Another tracker, Tune, follows ride-sharing users’ online and offline behavior across devices and also tracks in-app user behavior, uniquely identifies users, and tracks their location.

The AppNexus tracker, used by, among other apps, Super-Bright LED, uses machine learning for targeted advertising. In a phone call, AppNexus spokesperson Joshua Zeitz confirmed that the tracker collects mobile advertising identifiers, type of phone, IP addresses, and a unique app identifier. The company does store mobile advertising identifiers, as well as cookies from web users, but Zeitz said data on what ads have been served to what identifiers is only retained for up to 33 days, and that the tracker does not collect names, numbers, or account numbers, that it only keeps device and browser identifiers and cookies, and that it cannot de-anonymize users from its data set. AppNexus stated that it does not share device and browser identifiers tied with third parties.

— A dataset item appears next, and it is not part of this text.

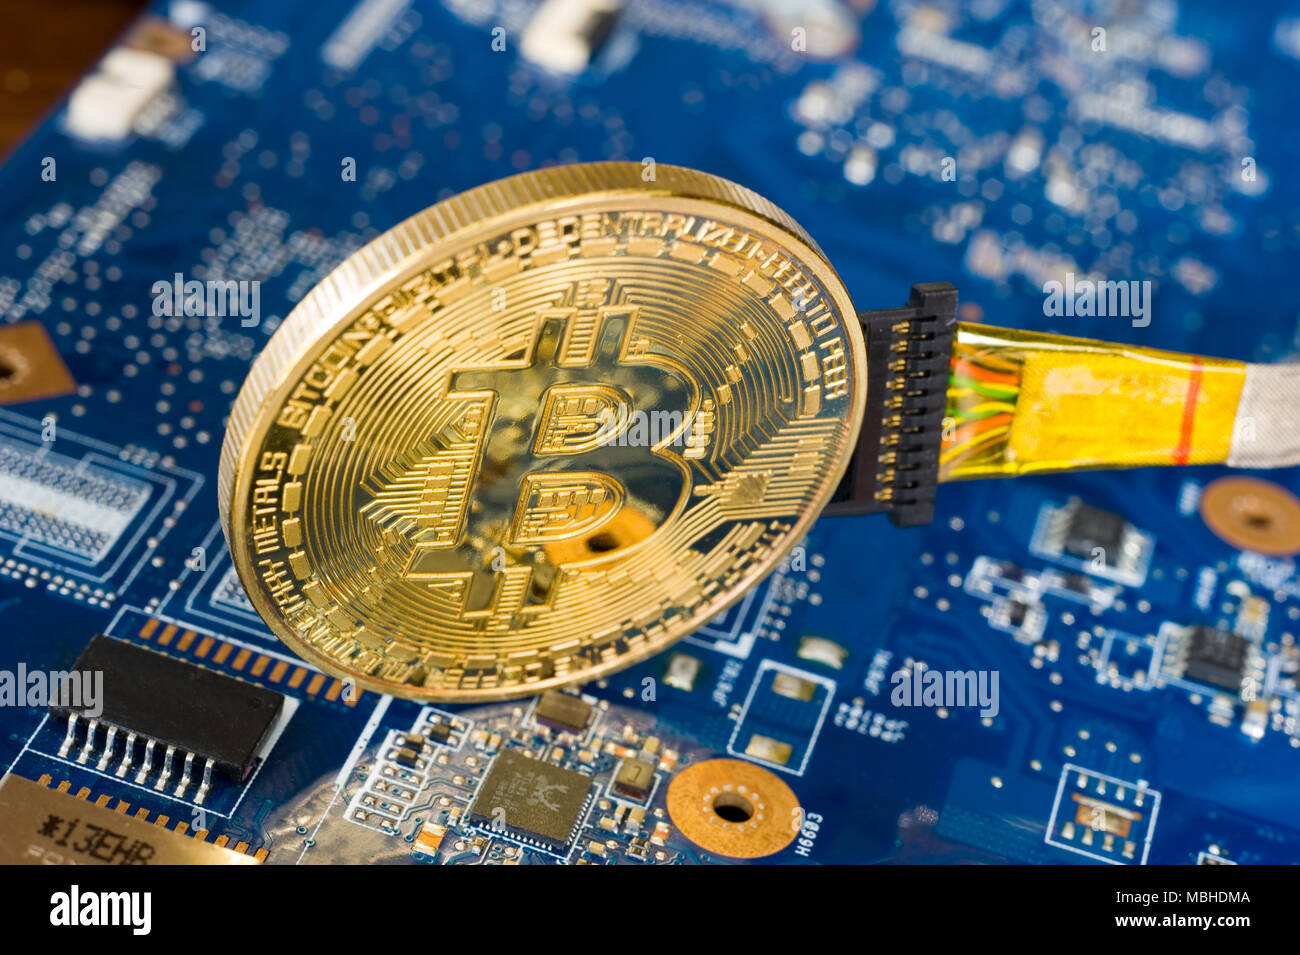 Bitcoin câblé sur la carte mère électronique permanent d'un ordinateur portable Banque D'Images

O’Brien said app developers can choose the types of advertising they embrace, but that it’s unlikely users are thinking about those decisions when installing apps. He also doesn’t see permissions as a solution. “If you’re in a situation where you’re asking the victim of the tracking how much tracking they want, you’ve already gone too far. It’s already a problem,” he said.

Without an overhaul of the advertising-rich phone system, O’Brien said the best solution may be to use the software repository F-Droid, which distributes only free and open source software that does not include unknown or masked trackers or code.